--- Data section Enclosed Below ---

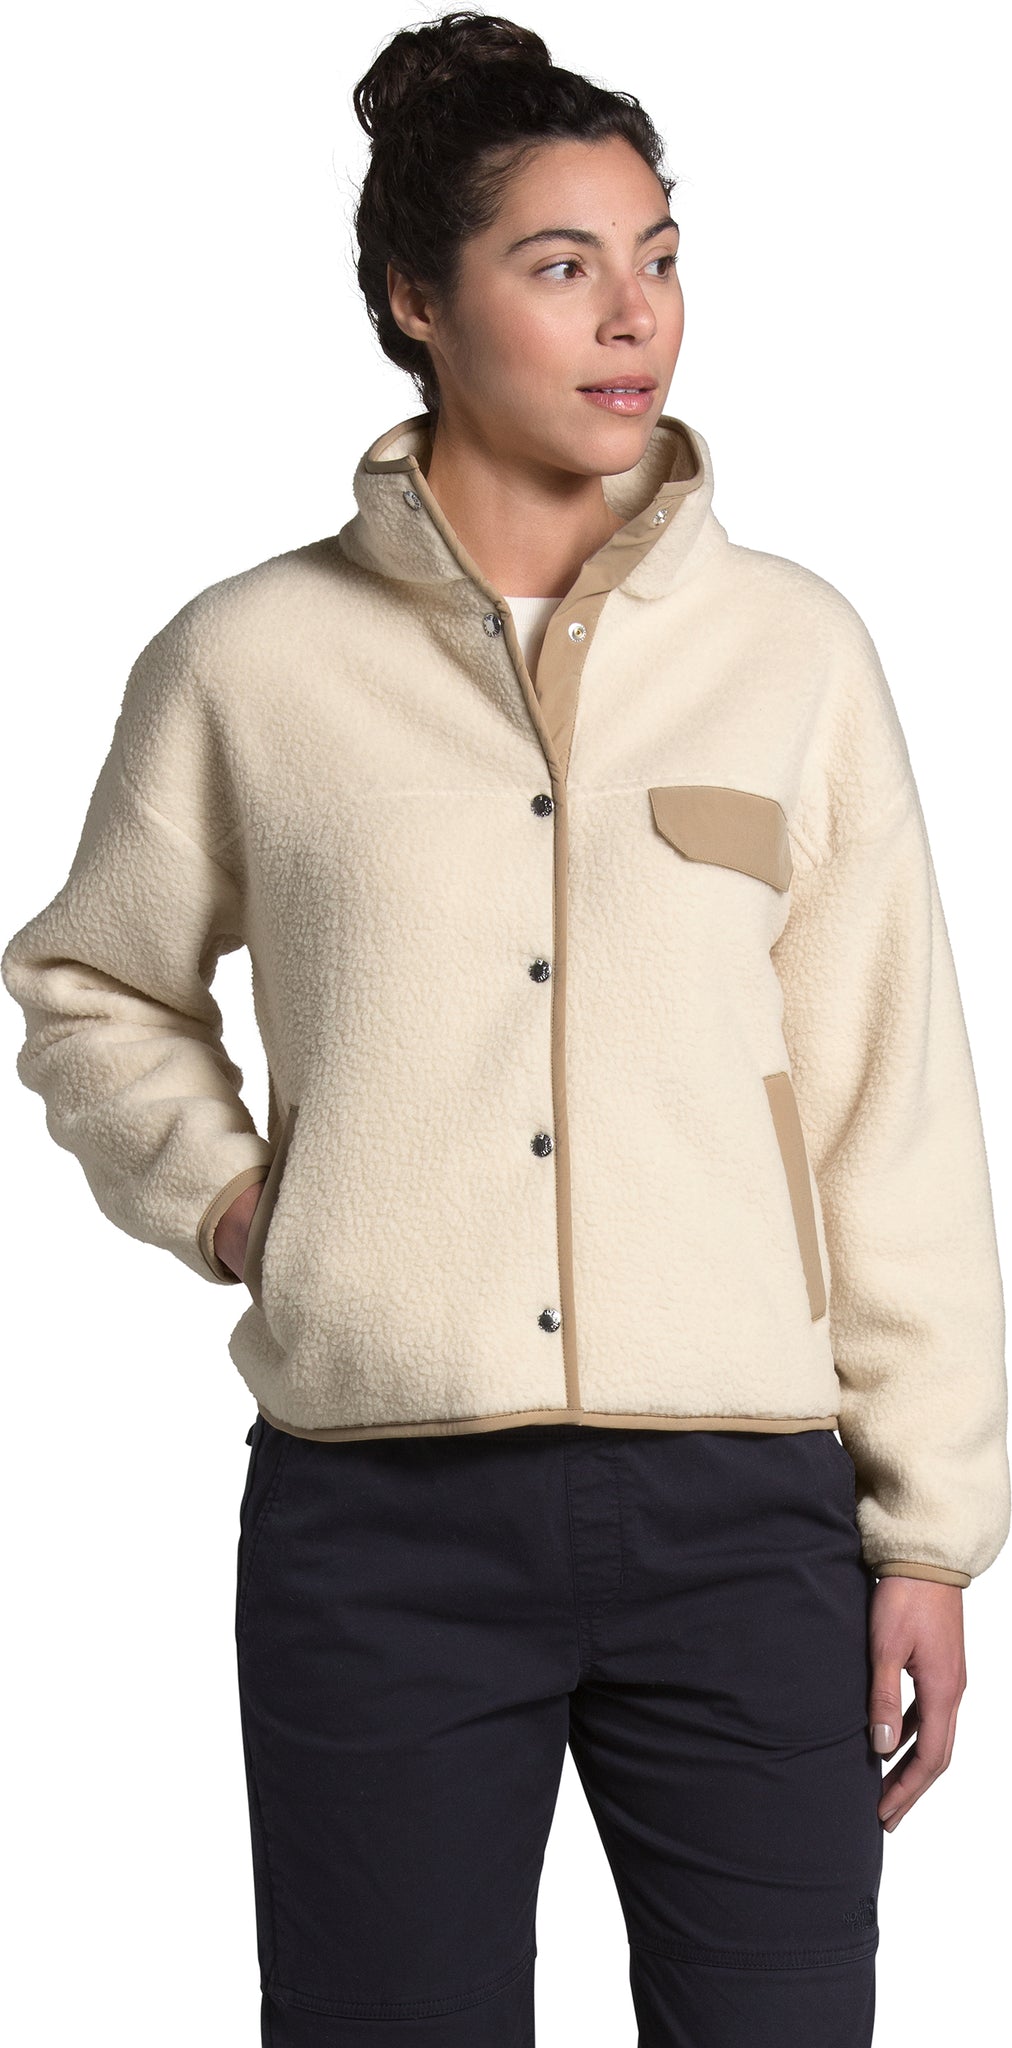 North Face Cragmont Fleece Jacket  Puffer coat with hood, Fleece jacket,  Coats for women
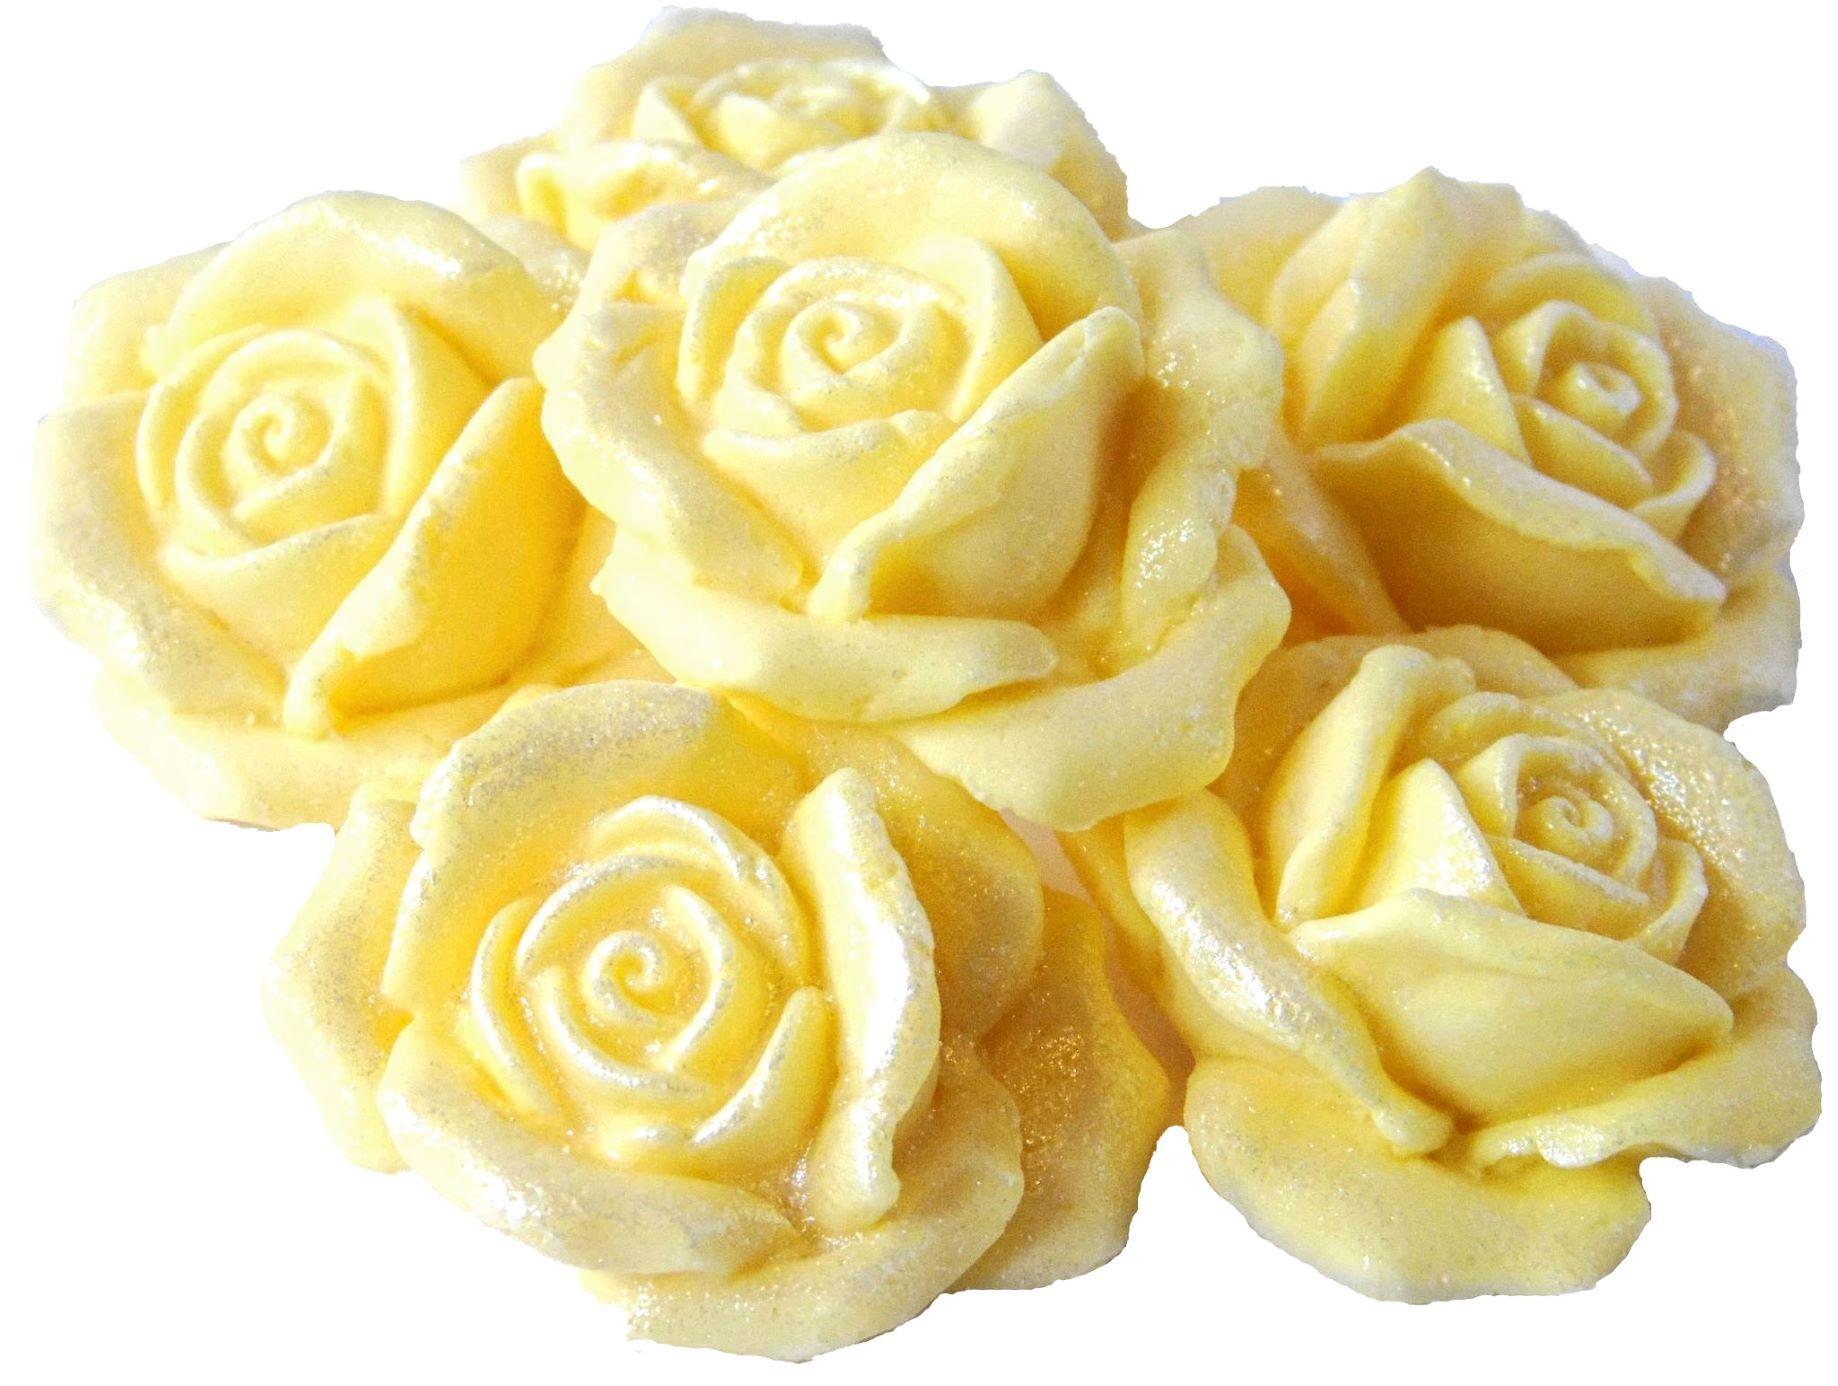 6 Edible Large Lemon Glittered Roses Vegan Cake Topper Decorations
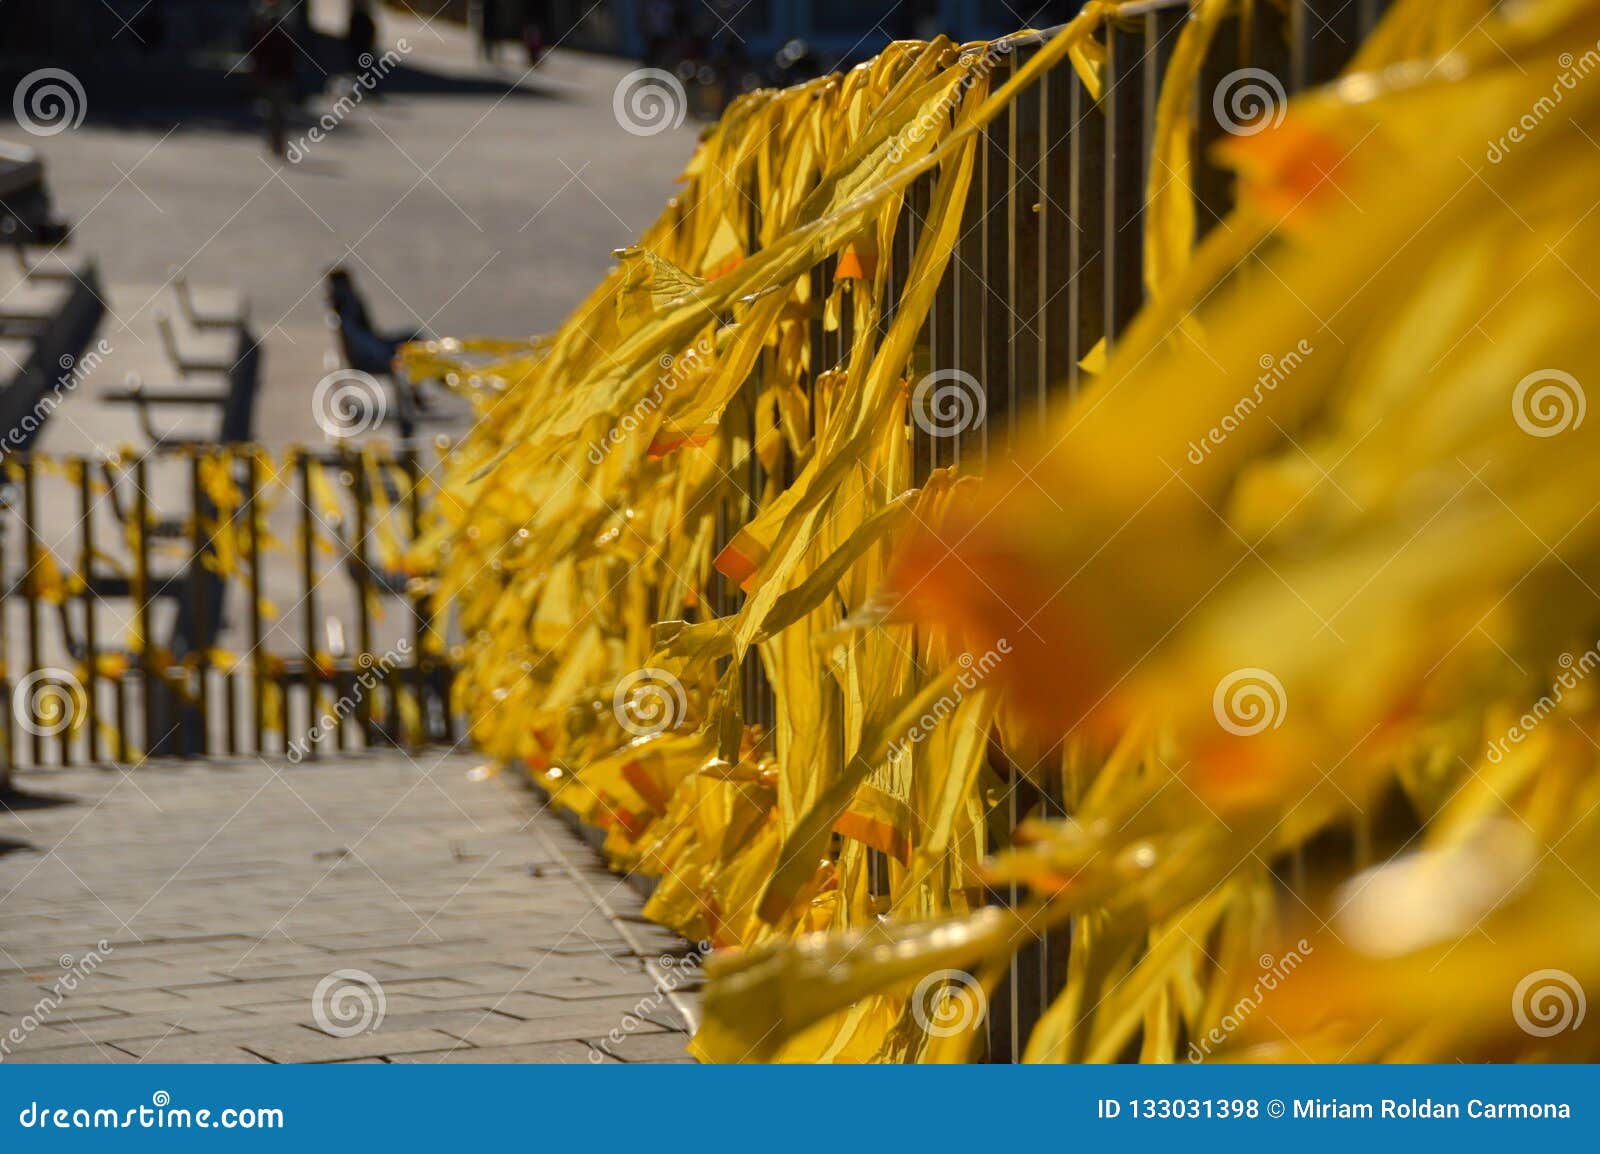 yellow ribbon in escala

--- End of Enclosed Data section ---

*Instructions to follow:* Give back the whole listing exactly as it stands. No pictures belong in the copy.

*Task solution:*
 North Face Cragmont Fleece Jacket  Puffer coat with hood, Fleece jacket,  Coats for women
 6 Edible Large Lemon Glittered Roses Vegan Cake Topper Decorations
 yellow ribbon in escala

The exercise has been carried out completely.